As these characters’ stories build and converge, they astonish. For while this heartbreaking and magical book entertains and is at once about family, love of parents and children, art and money, it’s also about the nation’s reckoning with a tragic police shooting playing over and over again on the news. And with what it can mean to be Black in America.
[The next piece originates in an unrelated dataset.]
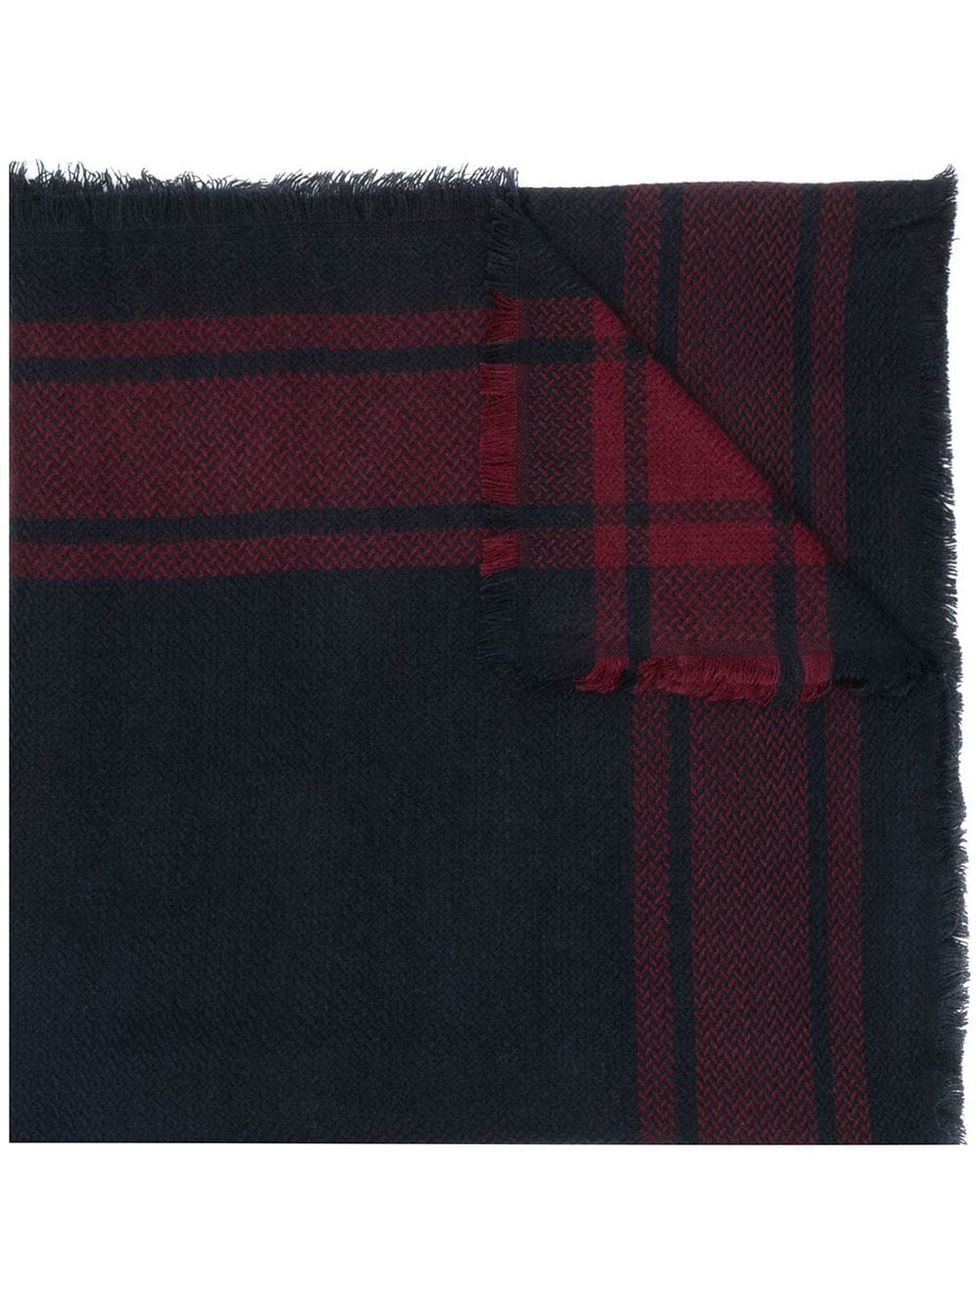 Plaid, Tartan, Pattern, Clothing, Red, Textile, Design, Scarf, Stole, Rectangle,

Who has been killed? Who is The Kid? Will the author finish his book tour, and what kind of world will he leave behind? Unforgettably told, with characters who burn into your mind and an electrifying plot ideal for book club discussion, Hell of a Book is the novel Mott has been writing in his head for the last ten years. And in its final twists, it truly becomes its title.
APPLE BOOKS REVIEW
The “hell” in the title of Jason Mott’s heartbreaking satire refers to the experience of being a Black man in America. His novel plays out in two parallel storylines. Half of the chapters follow an unnamed author on a punishing book tour as he fields relentless questions about a recent police shooting while inching closer to a complete nervous breakdown. The other half revolves around an “impossibly dark-skinned” boy in the rural South (cruelly nicknamed Soot) who witnesses a life-altering tragedy. Will these characters’ paths cross and, if so, how? Mott pulls off several clever narrative tricks to show us that no amount of humor, effort, or even magic can spare his characters and their families the terrible consequences of racism. Nuanced and riveting, Hell of a Book captures our current reality in all its urgency.
PUBLISHERS WEEKLY
Mott's stunning fourth novel (after The Crossing) delves into the complex and fraught African American experience. The protagonist, a nameless Black author on his first book tour, is reeling from his newfound fame and the success of his book, Hell of a Book. As he flies to promotional events, often in a drunken stupor, the author reveals that his vivid imagination makes it difficult for him to distinguish reality from fiction. So when he encounters "The Kid," a 10-year-old boy with impossibly ebony skin, the author doubts the boy is real. The Kid, who uncannily resembles a recent victim of police violence, first appears at a hotel and continues to pop up during the book tour, leading the author to recall his own repressed trauma as a bullied Black boy in North Carolina. The author's sobering recollections of his youth are punctuated with humorous and insightful encounters that include a discussion on national sociopolitical identity with Nicolas Cage and an improbable first date with a funeral director. Mott's poetic, cinematic novel tackles what it means to live in a country where Black people perpetually "live lives under the hanging sword of fear." Absurdist metafiction doesn't get much better.
Customer Reviews
Incredible, Be Prepared to Think and Feel
This book is so important. It was worthy of every award its received and then some. As a man of color, we all experience the pain of being Black in America in different ways, but we still experience it. We all handle that pain differently because we must. This book examines that handling without judgment or a big call to action but leaves that up to the reader. As the reader, you have that freedom.
Magnificent
Period.
“Falling or flying?”
Amazing. A searingly honest journey through the conundrum that is a Black man’s life in America.